▶ EXERCISE
Your reply should be a faithful copy of the records below, free of pictures.

▶ DATA FOR THE TASK
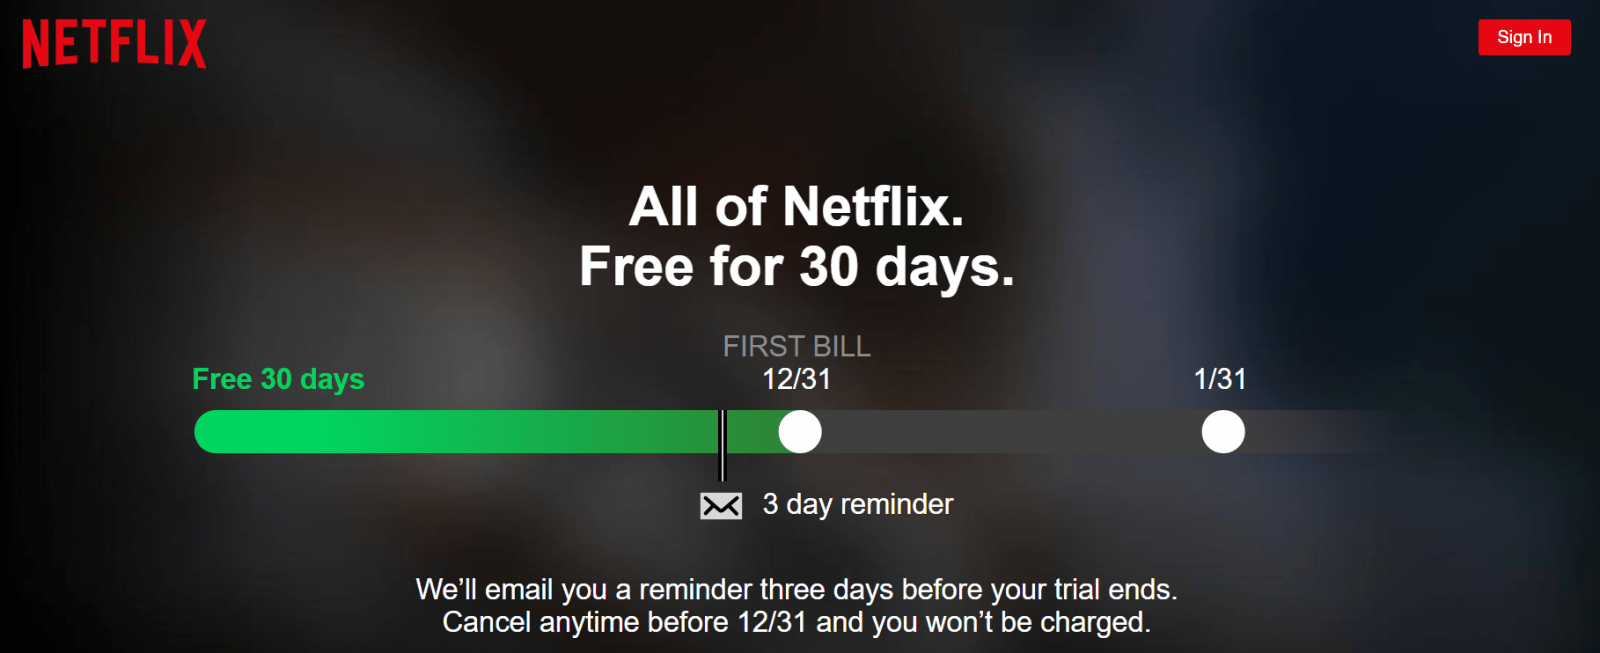 Netflix free trial page screenshot
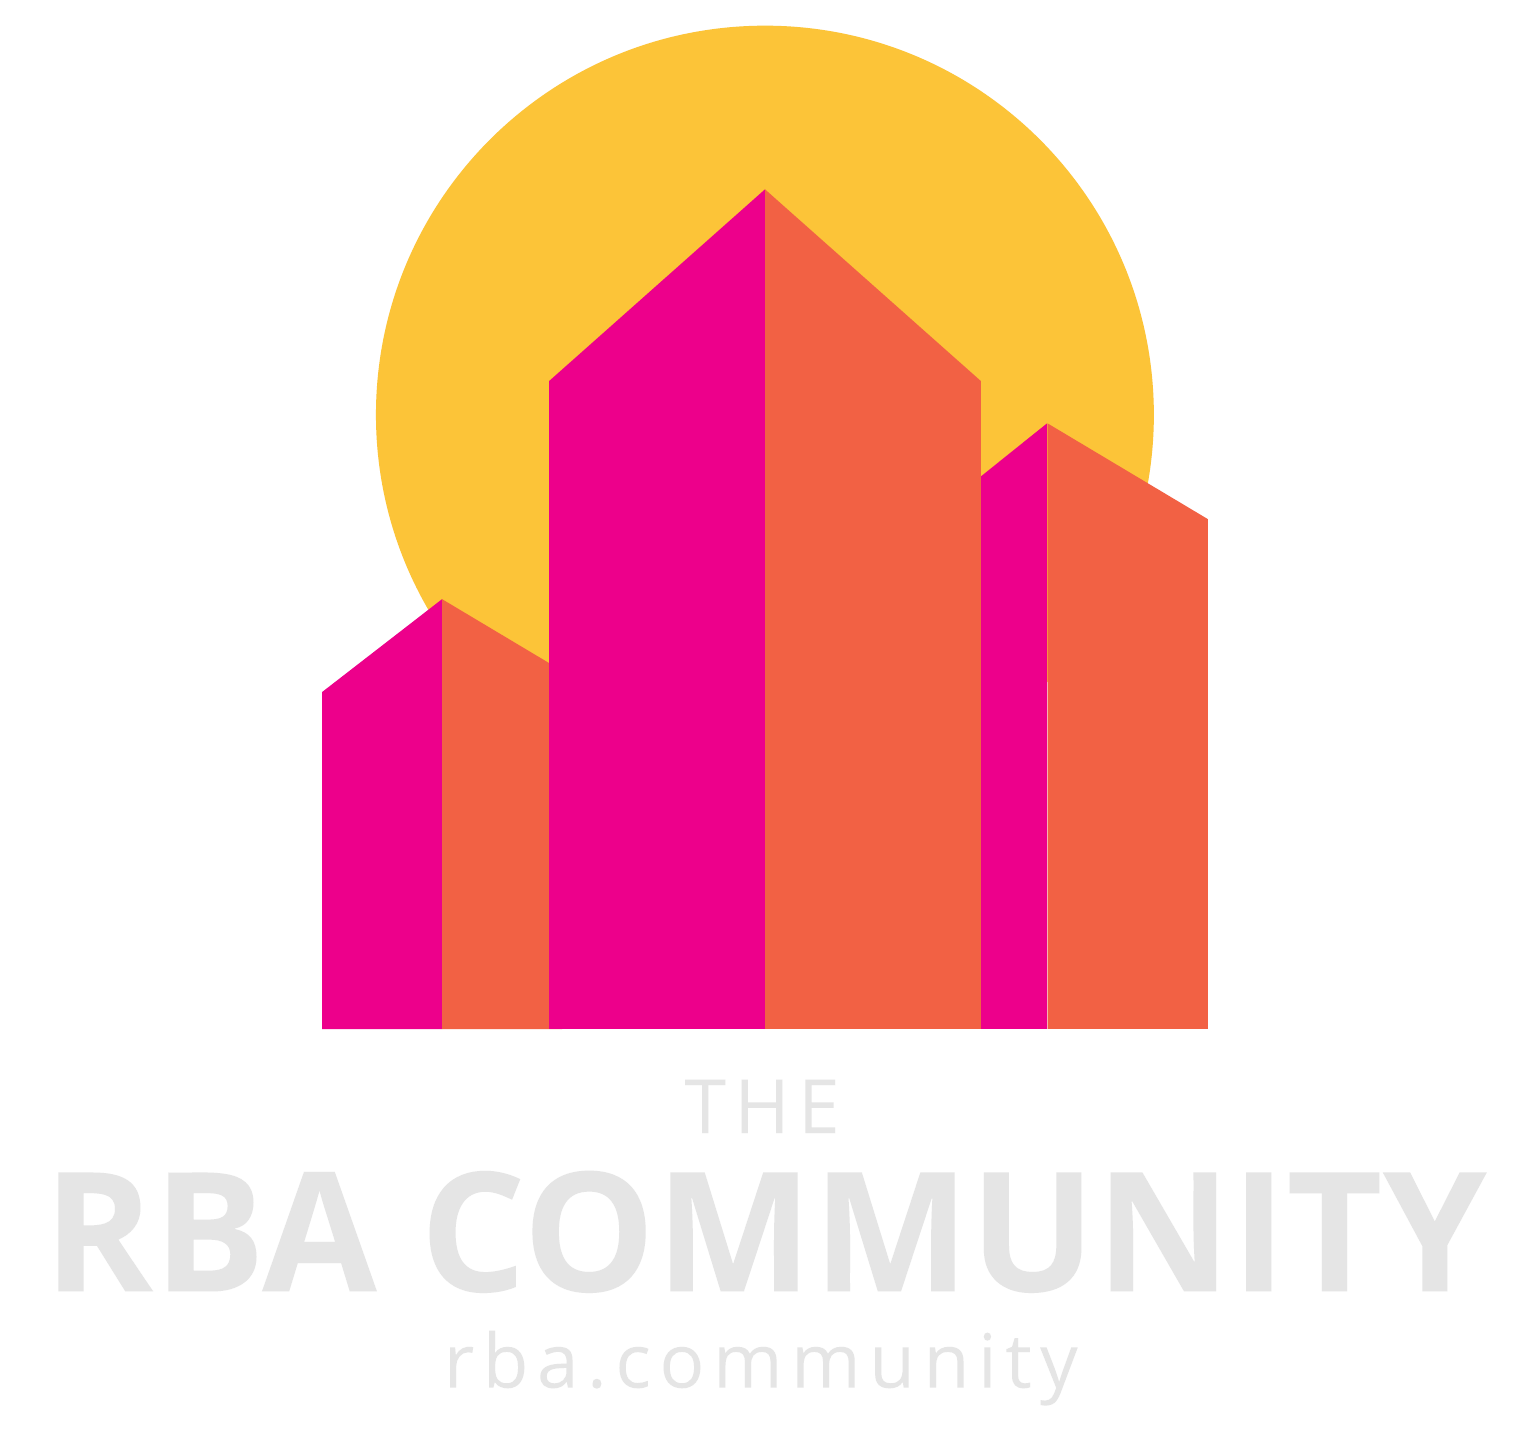 The RBA Community
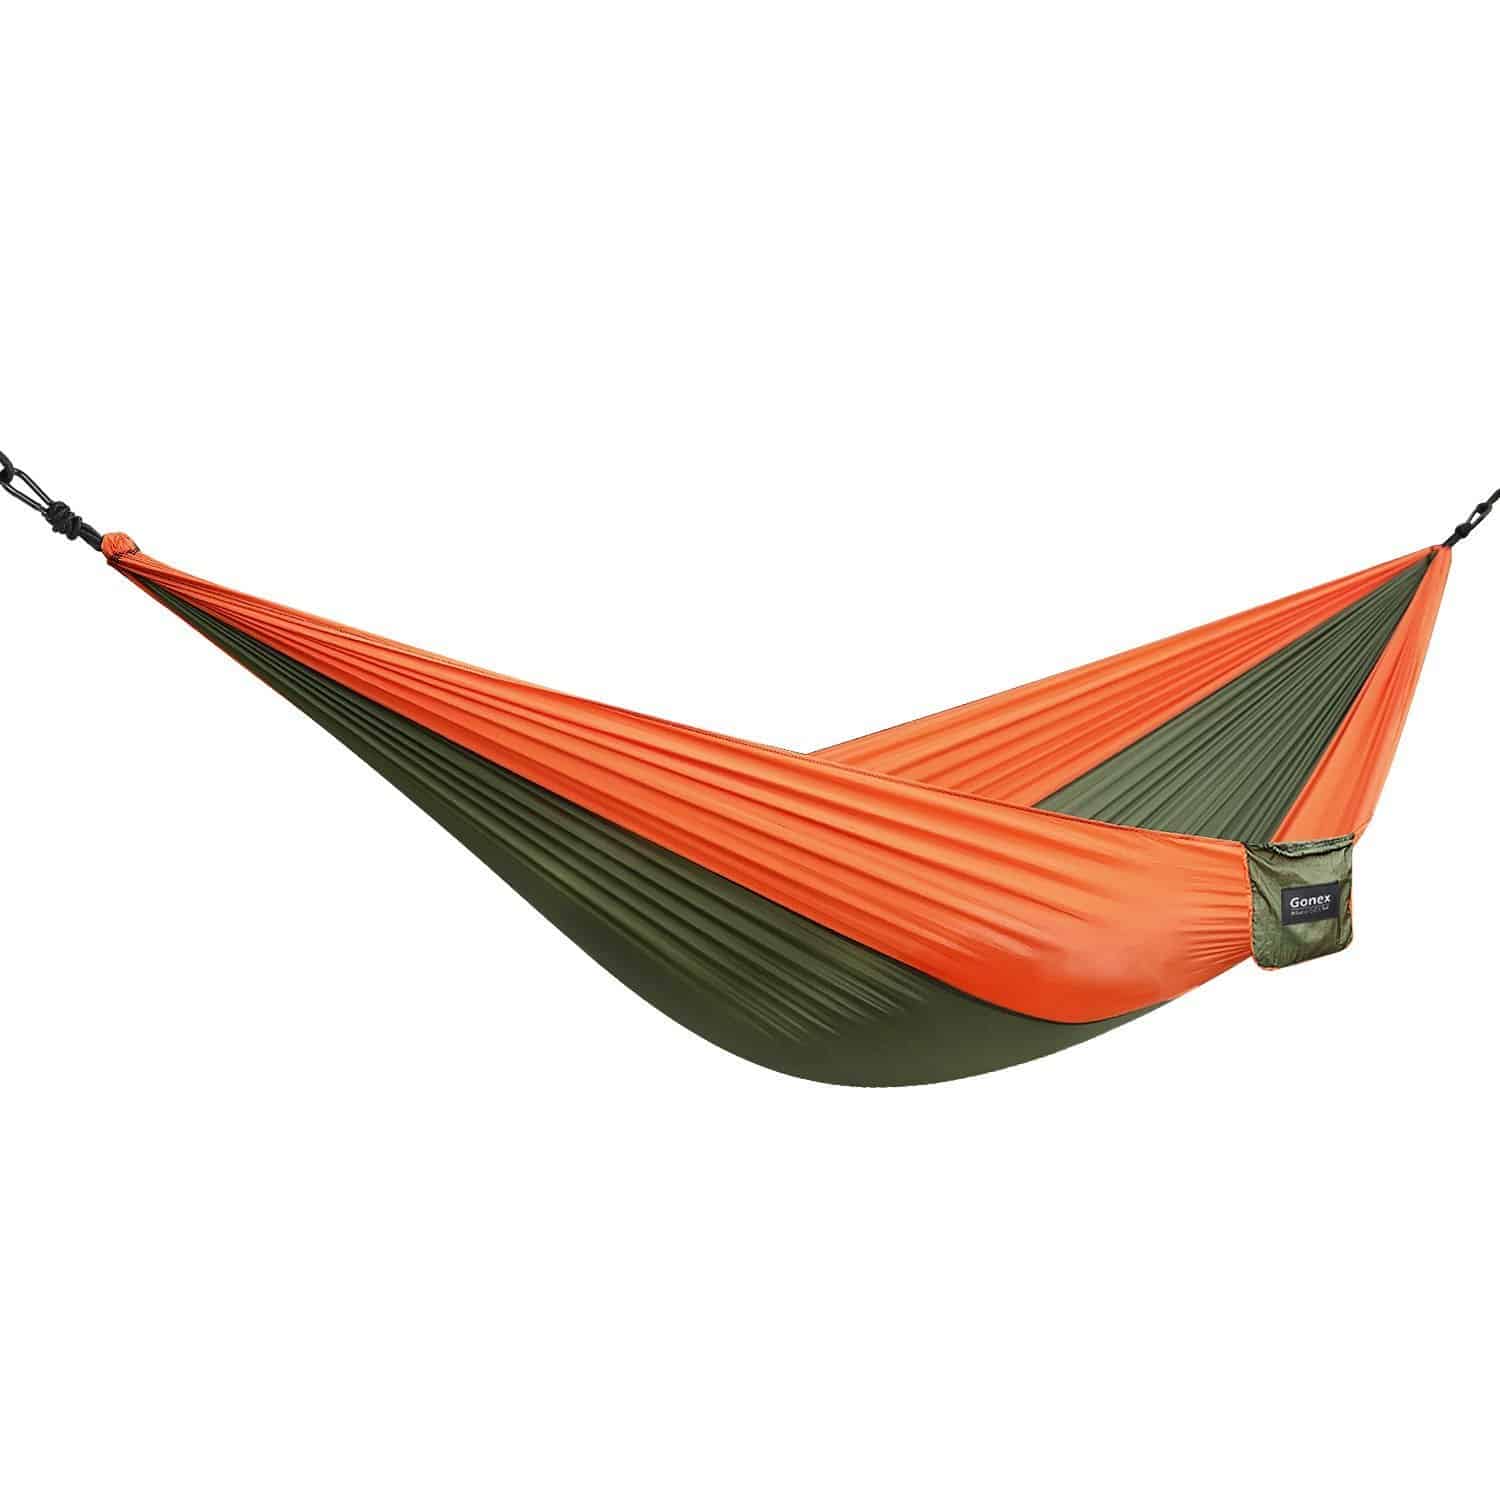 LIGHTNING DEAL ALERT! Parachute Nylon Fabric Ourdoor Camping Hammock – 67% off!
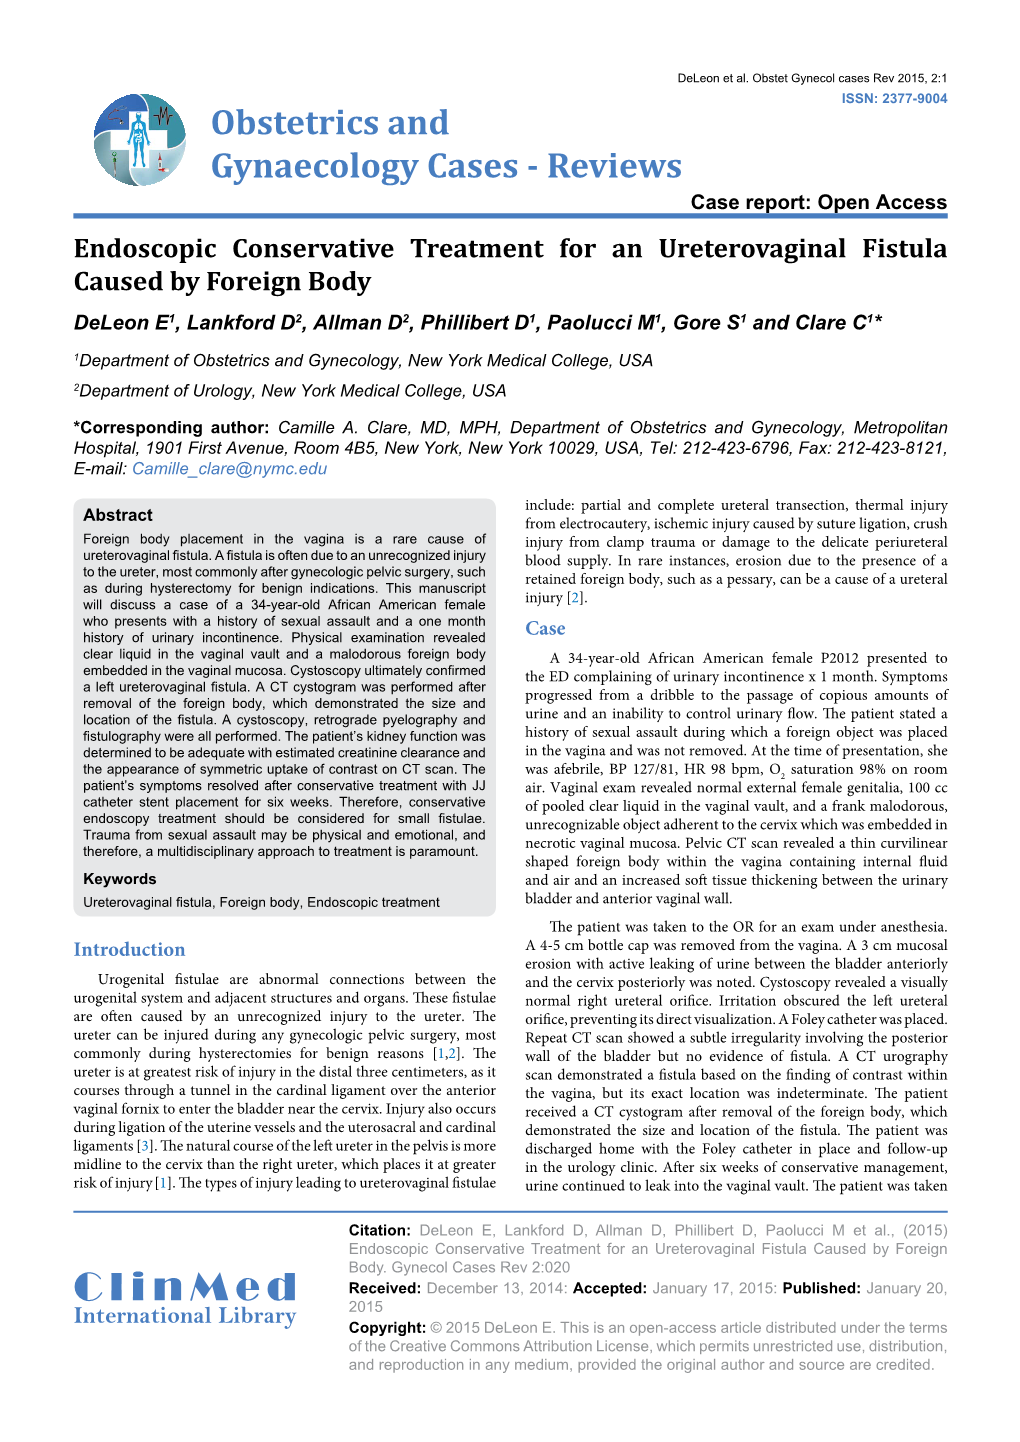 Endoscopic Conservative Treatment for an Ureterovaginal Fistula
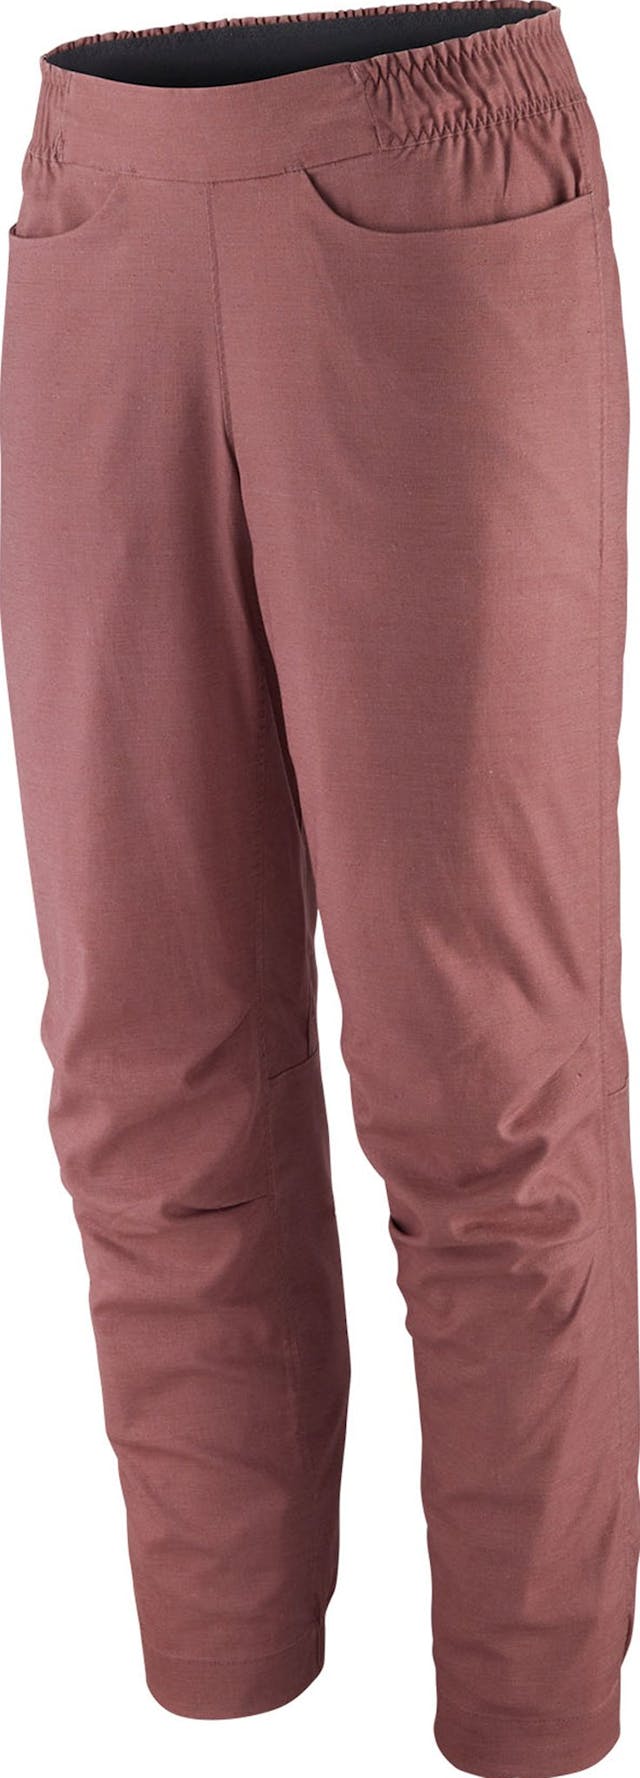 Product image for Hampi Rock Pants - Regular - Women's
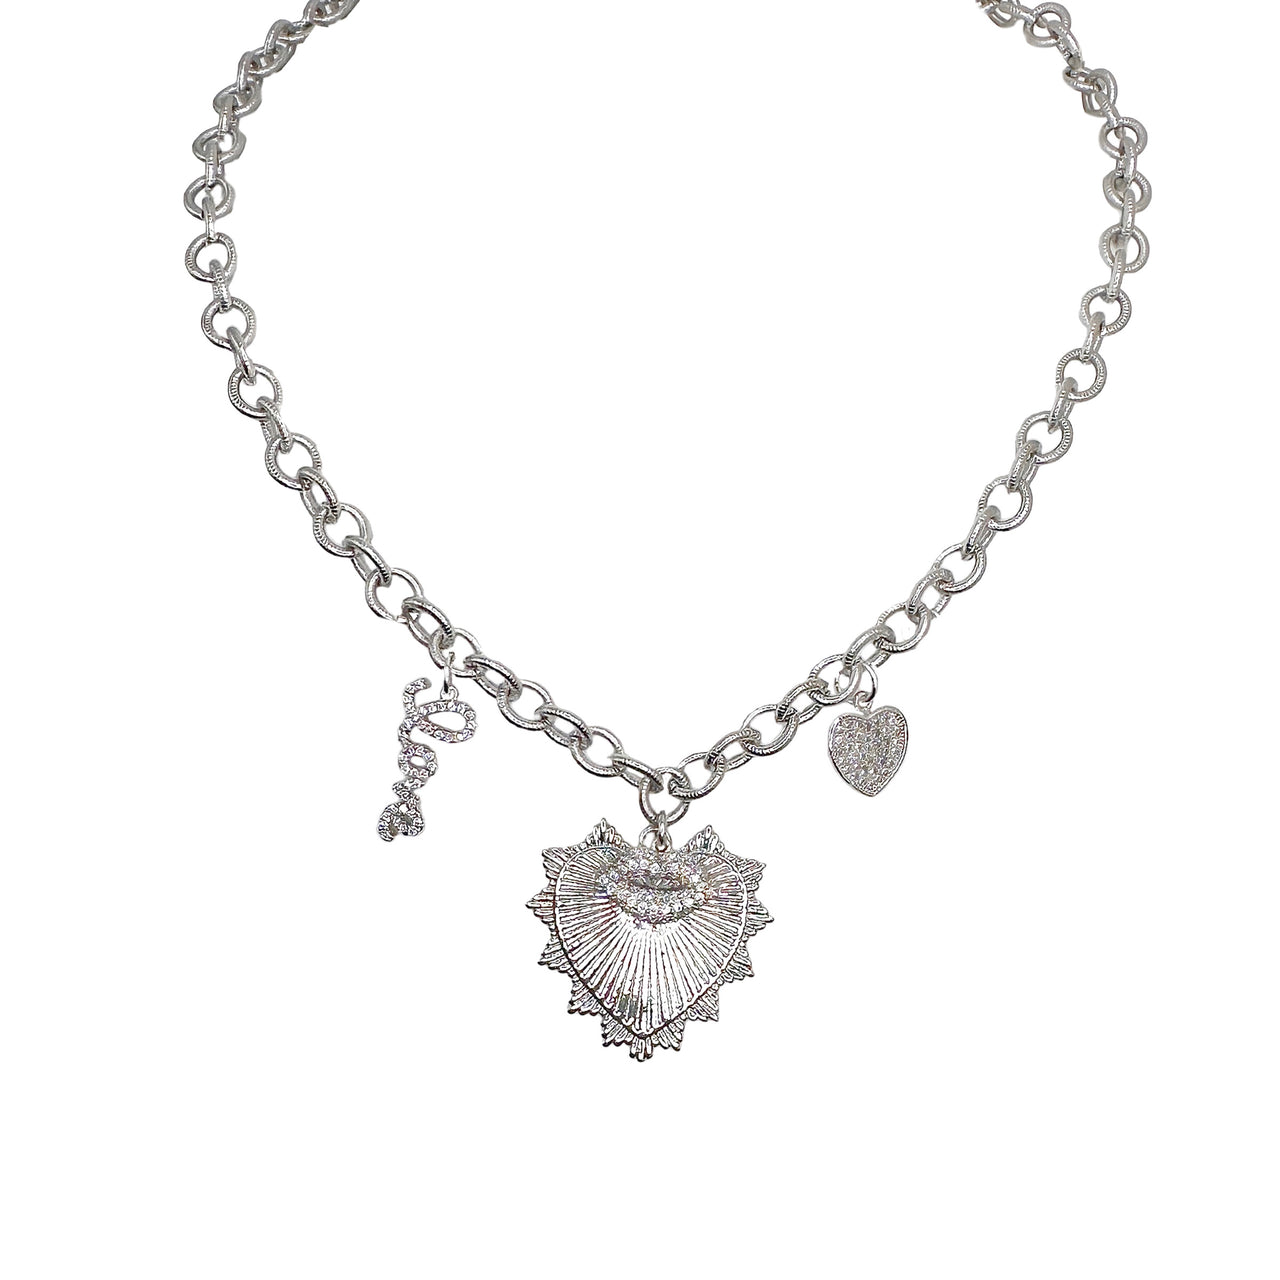 Lisa Love & Kisses Necklace

▶ WRITTEN SOLUTION
 Netflix free trial page screenshot
 The RBA Community
 LIGHTNING DEAL ALERT! Parachute Nylon Fabric Ourdoor Camping Hammock – 67% off!
 Endoscopic Conservative Treatment for an Ureterovaginal Fistula
 Product image for Hampi Rock Pants - Regular - Women's
 Lisa Love & Kisses Necklace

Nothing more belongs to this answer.